Hoplisoma ehrhardti
- Conservation status: Least Concern (IUCN 3.1)

Scientific classification
- Kingdom: Animalia
- Phylum: Chordata
- Class: Actinopterygii
- Order: Siluriformes
- Family: Callichthyidae
- Genus: Hoplisoma
- Species: H. ehrhardti
- Binomial name: Hoplisoma ehrhardti (Steindachner, 1910)
- Synonyms: Corydoras ehrhardti Steindachner, 1910;

= Hoplisoma ehrhardti =

- Authority: (Steindachner, 1910)
- Conservation status: LC
- Synonyms: Corydoras ehrhardti Steindachner, 1910

Species of fish

Hoplisoma ehrhardti, the olive cory, is a species of freshwater ray-finned fish belonging to the subfamily Corydoradinae, the corys, of the family Callichthyidae, the armoured catfishes. This catfish is endemic to Brazil where it occurs in the Iguaçu and Paranapanema river basins and in coastal rivers from the Ribeira de Iguape River to the Itajaí-Mirim River, in the states of São Paulo, Paraná, and Santa Catarina.

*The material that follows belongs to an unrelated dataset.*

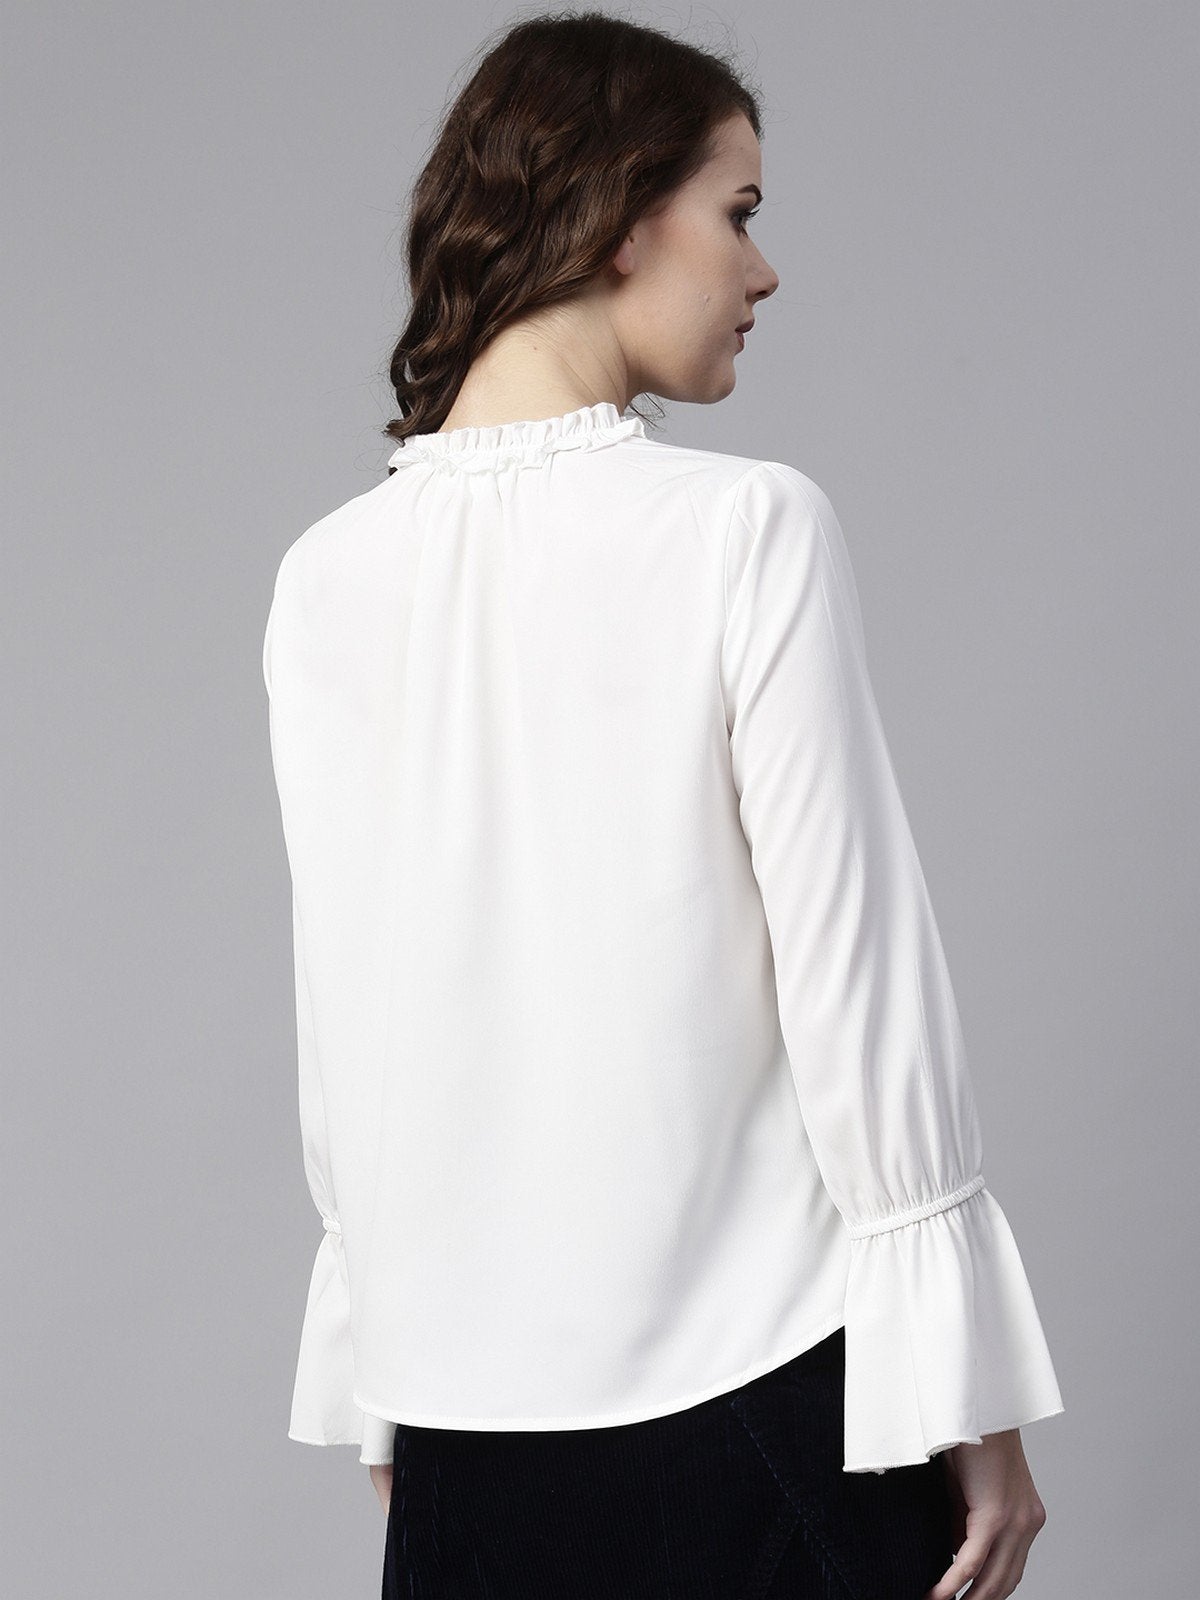 Women's Ruffled Pearl Embellished Collar Top - Pannkh

Hoplisoma ehrhardti is a demersal fish found in small streams and shallow rivers with soft substrates. It is found in small shoals and can be encountered in habitats subject to moderate amounts of human disturbance. This catfish is a facultative air breather which feeds on insect larvae. The olive cory attains a maximum standard length of 4.7 cm.